2. The connecting rod of claim 1, wherein said depressions are formed as furrows.

3. The connecting rod of claim 2, wherein said furrows are disposed in straight lines.

4. The connecting rod of claim 2, wherein said furrows are disposed to cross.

5. The connecting rod of claim 2, wherein said furrows are wavy.

6. The connecting rod of claim 1, wherein said depressions are formed as closed pockets.

7. The connecting rod of claim 6, wherein, as viewed from above, said pockets have an elongated or round shape.

8. The connecting rod of claim 1, wherein an inner surface of said bearing shell and/or an outer surface of a component disposed in said bearing shell has a structure which is only formed from depressions.

9. A method for producing a connecting rod, the connecting rod having a first end defining a small connecting rod eye, a second end cooperating with and spaced apart from said first end, said second end defining a large connecting rod eye, and at least one bearing shell disposed in said small and/or said large connecting rod eye for secure mutual rotation therewith, the method comprising the step of: structuring at least one of an inner surface of said small and/or said large connecting rod eye and an outer surface of said at least one bearing shell, said structuring having elevations adjacent to and delimiting depressions.

10. The method of claim 9, wherein said inner surface is structured by a laser.

Description:

This application is related to EP 02 025 788.7 filed Nov. 16, 2002, the entire disclosure of which is hereby incorporated by reference.

BACKGROUND OF THE INVENTION

The invention concerns a connecting rod and a method for producing a connecting rod in accordance with the independent claims.

The book “Jahrbuch Schleifen, Honen, Läppen und Polieren” (annual grinding, honing, lapping and polishing) by H.-W. Hoffmeister and H.-K. Tönshoff (publisher), Vulkan-Verlag Essen, 2002, pages 396 to 408 discloses a holding groove on a connecting rod eye into which a nose, formed on the bearing shell, projects. The surface of the connecting rod eye is conventionally honed to improve the tight fit of the bearing shell.

It is the underlying purpose of the invention to produce a connecting rod of this type, which provides sufficient fixation of the bearing shell in the connecting rod eye even under high loads, and to propose a method for producing a connecting rod having a long service life.

SUMMARY OF THE INVENTION

This object is achieved with a connecting rod having the features of the independent claims.

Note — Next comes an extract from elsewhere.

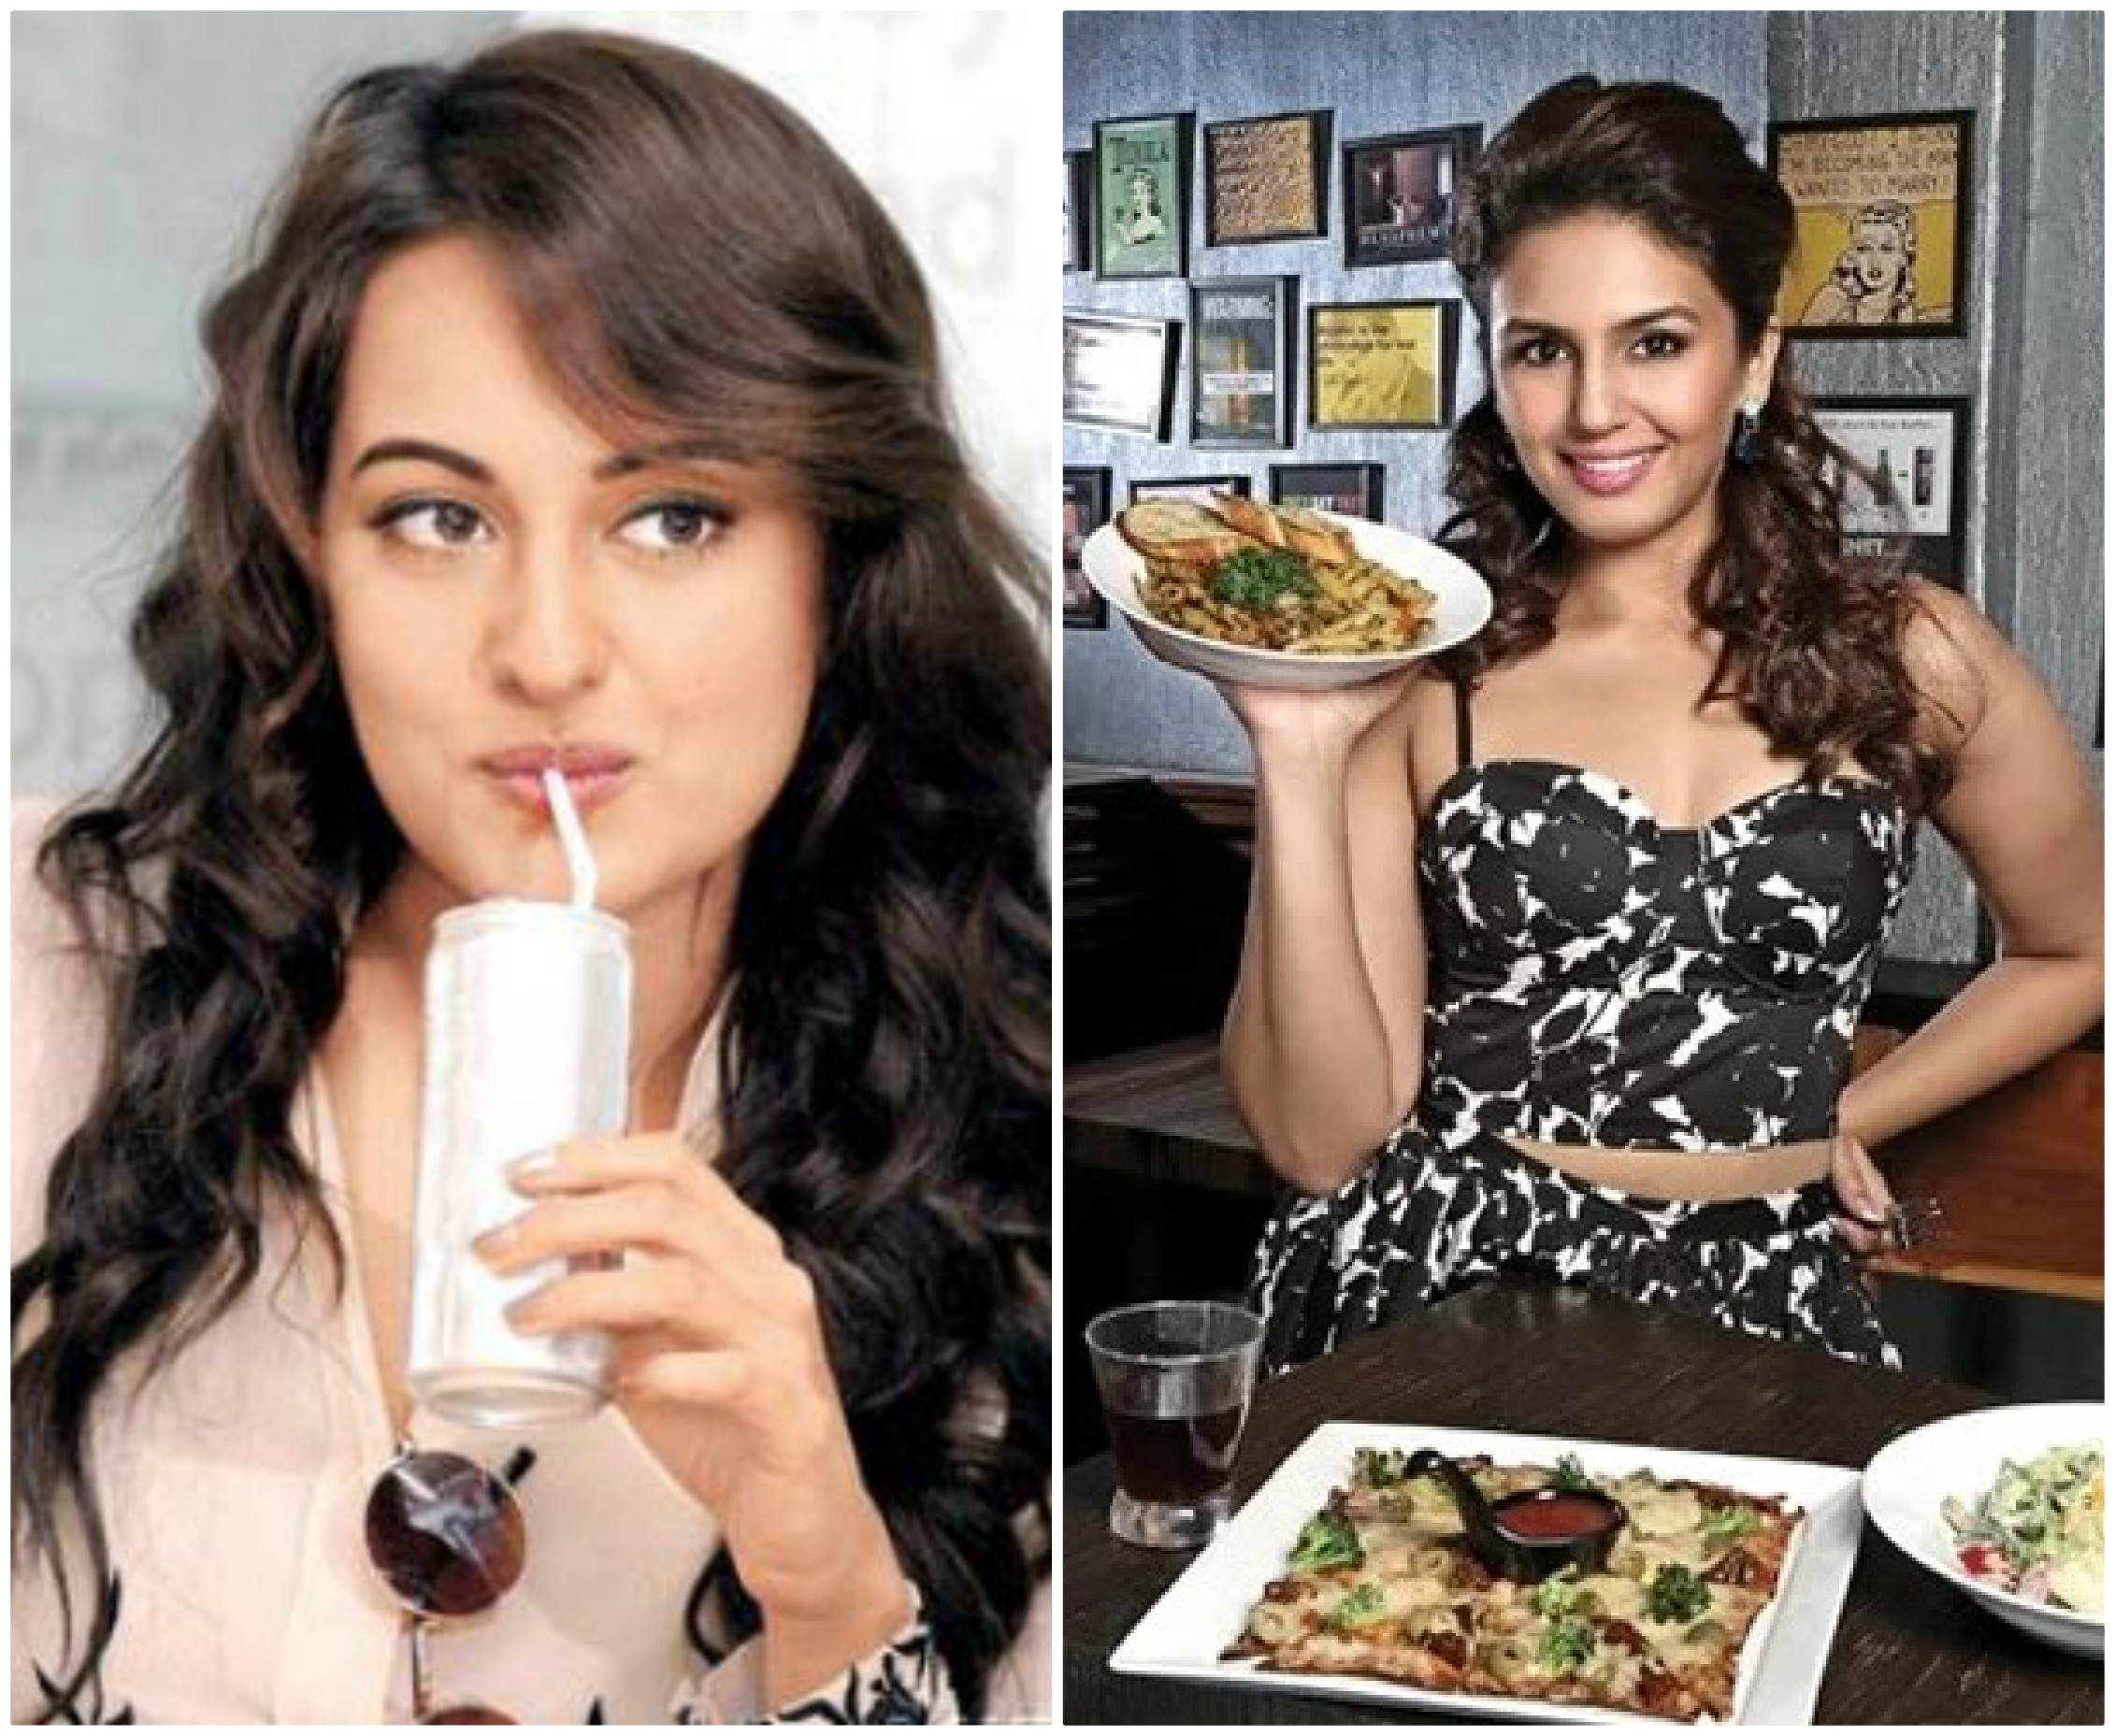 PunjabKesari, Keto Diet Image, Bollywood Actress On keto diet Image

Good fixation of a bearing shell in a connecting rod eye is ensured by providing a surface structure in a connecting rod eye with depressions whose outer periphery is delimited by elevations. The elevations on the structured edges of the structure anchor the bearing shell in the connecting rod eye. The structure may be a uniform pattern which can be adapted to the loads which occur and which can be reproduced during manufacture. The structure can be adapted to working loads in a simple manner by changing the depth of the depressions and the height of the elevations.

The depressions with sideward elevations are suitably designed as furrows. The furrows may advantageously be straight or cross each other. The furrows may also be wavy. The depressions may advantageously be formed as closed pockets. As viewed from above, the pockets may advantageously have an elongated or round shape. The inner surface of a bearing shell and/or the surface of a component disposed in the bearing shell advantageously has/have a structure which is formed from depressions only. The depressions act as micro-pressure chambers which facilitate hydraulic lubrication to reduce friction between the sliding partners.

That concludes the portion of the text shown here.